TASK.
Copy word for word, please, the lines of the entries below running from the one containing "2x No. Panasonic, AJ-PCD2G" to the one containing "2003 Oldboy", both ends included.

EXTRACTED INFORMATION.
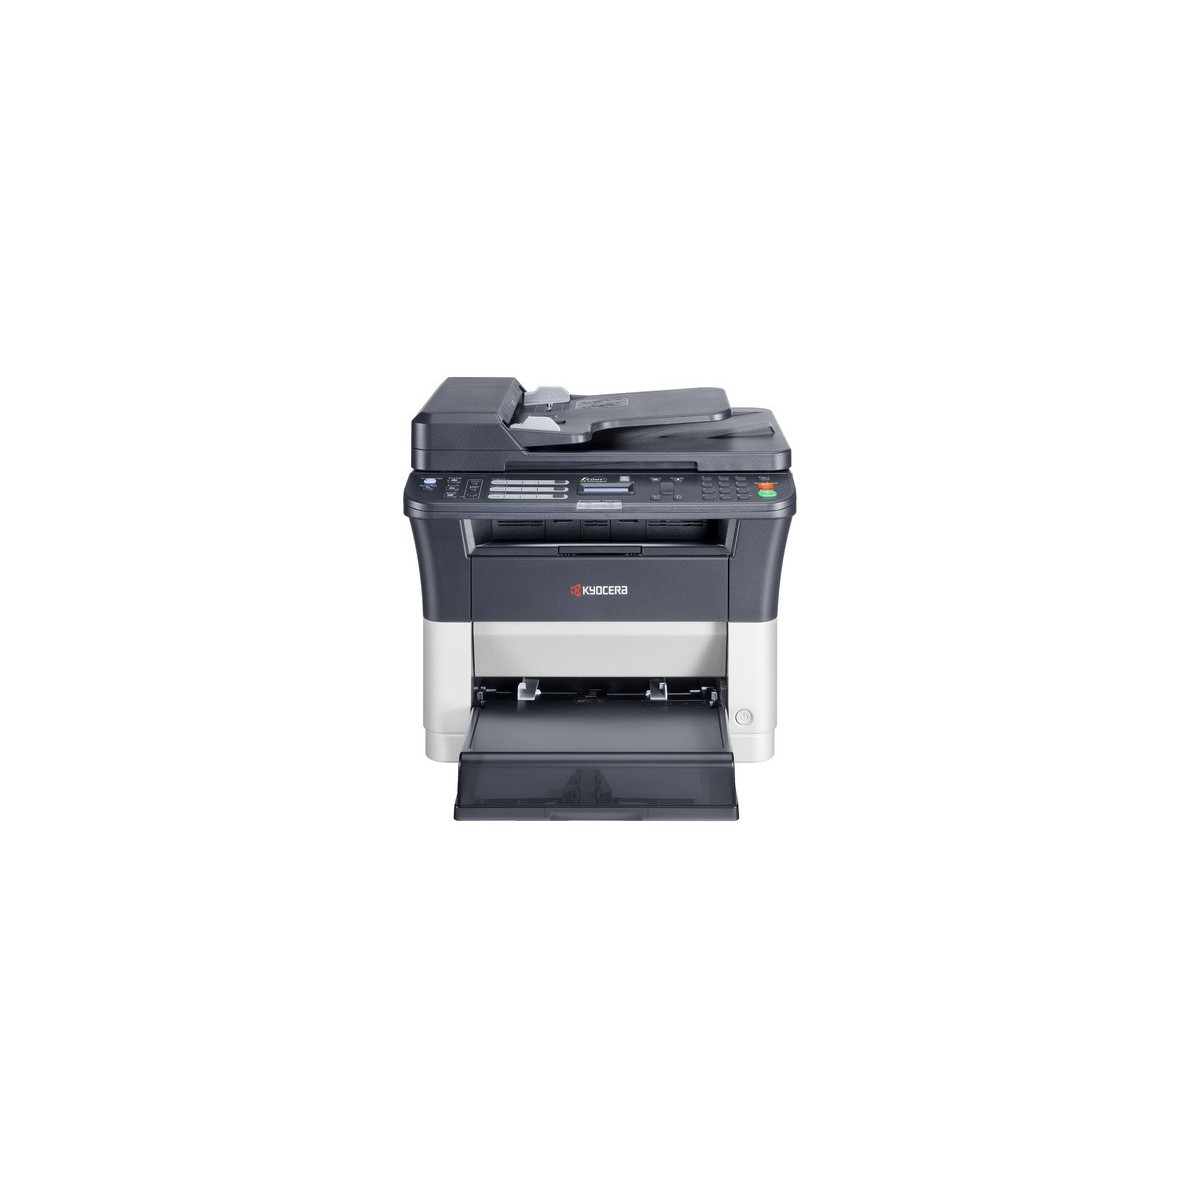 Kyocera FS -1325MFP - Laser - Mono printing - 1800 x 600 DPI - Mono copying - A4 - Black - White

...

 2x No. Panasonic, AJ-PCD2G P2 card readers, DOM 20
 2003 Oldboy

--

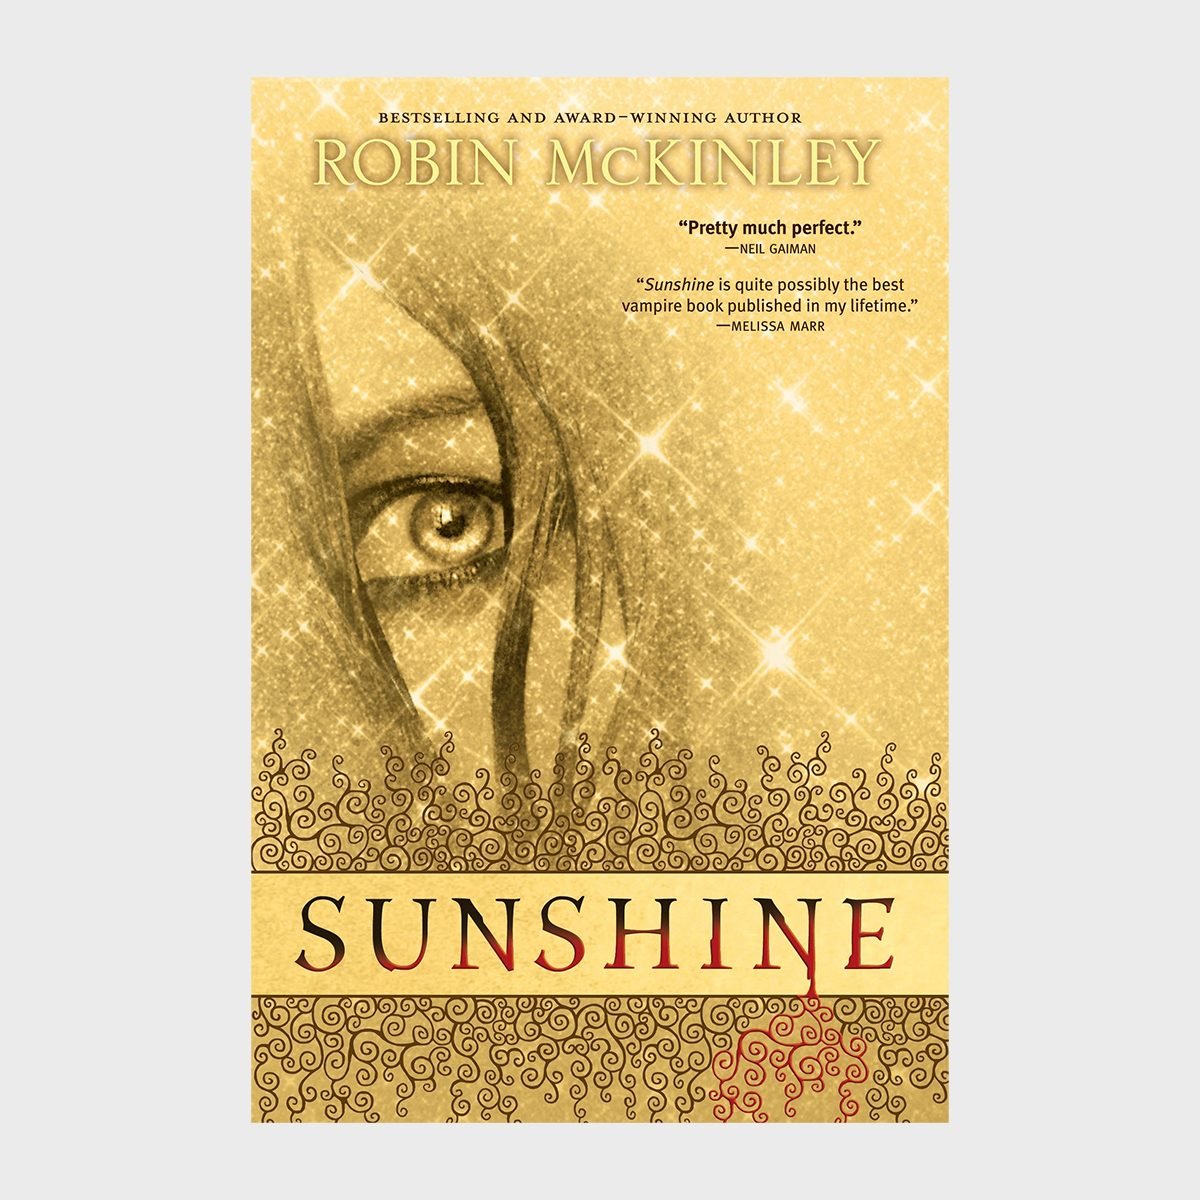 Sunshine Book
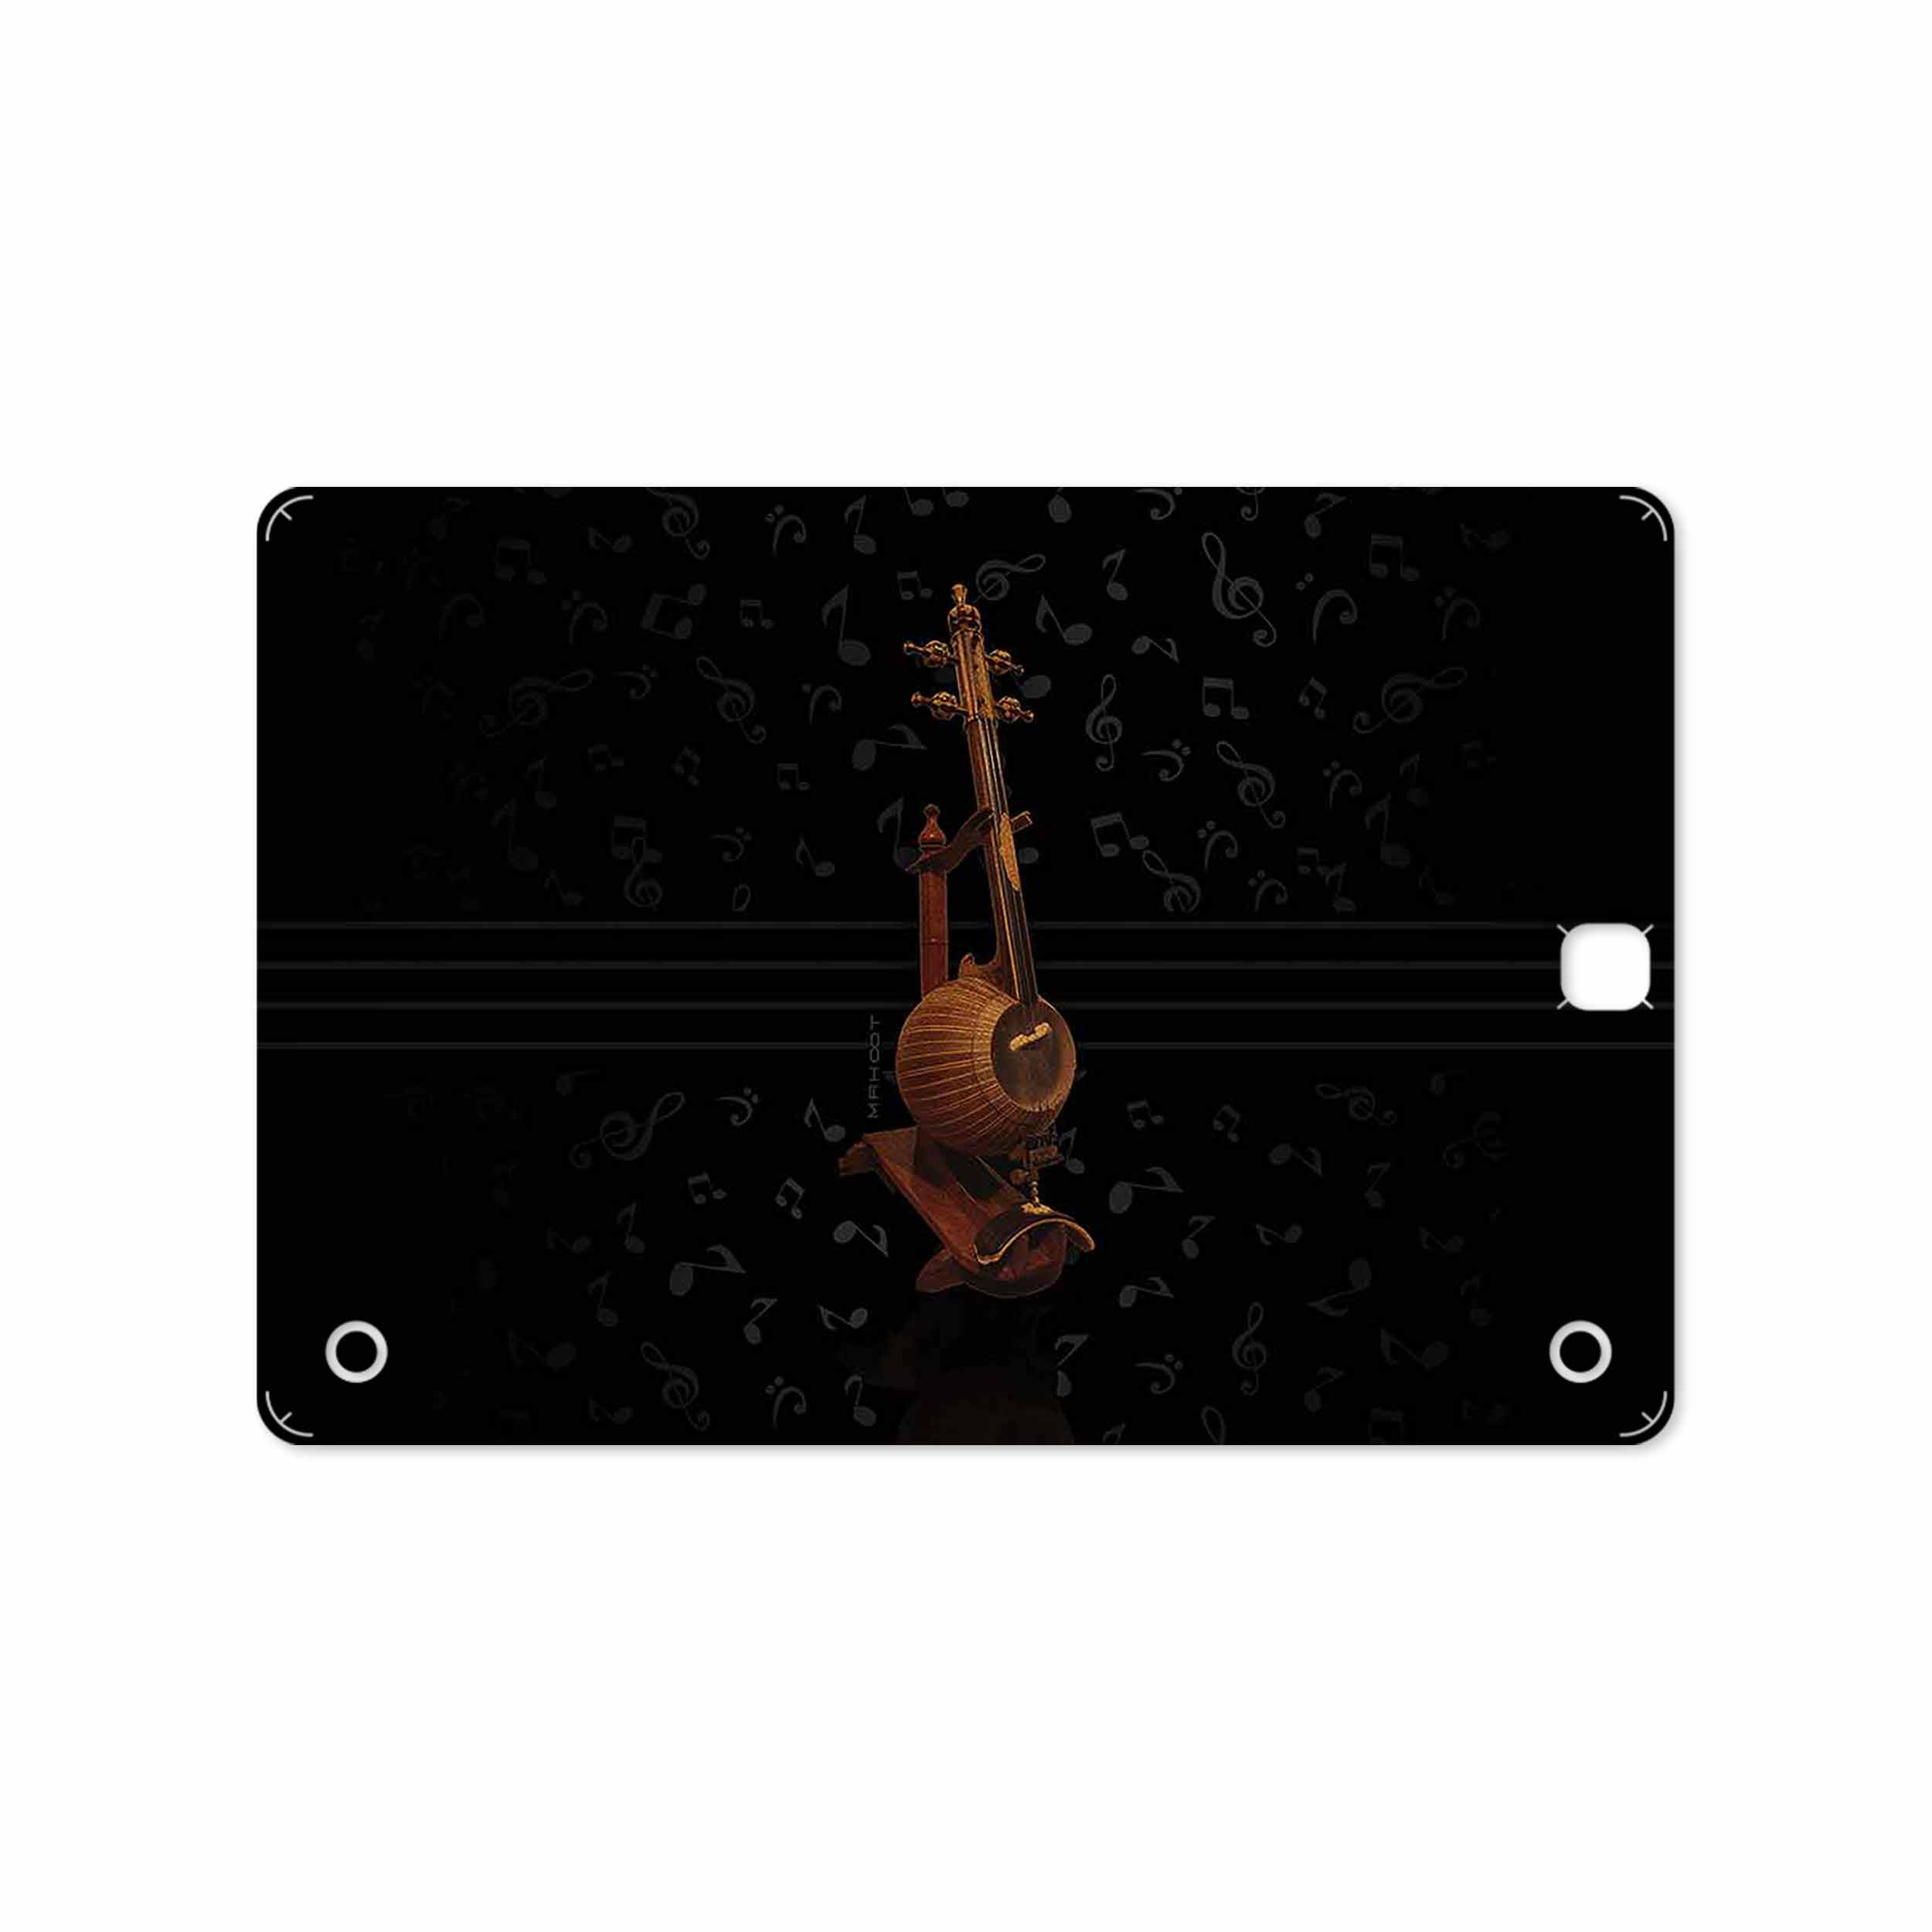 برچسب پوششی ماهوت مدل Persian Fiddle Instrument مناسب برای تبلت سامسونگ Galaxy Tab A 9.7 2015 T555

EXERCISE OUTPUT.
 2x No. Panasonic, AJ-PCD2G P2 card readers, DOM 20
 2003 Oldboy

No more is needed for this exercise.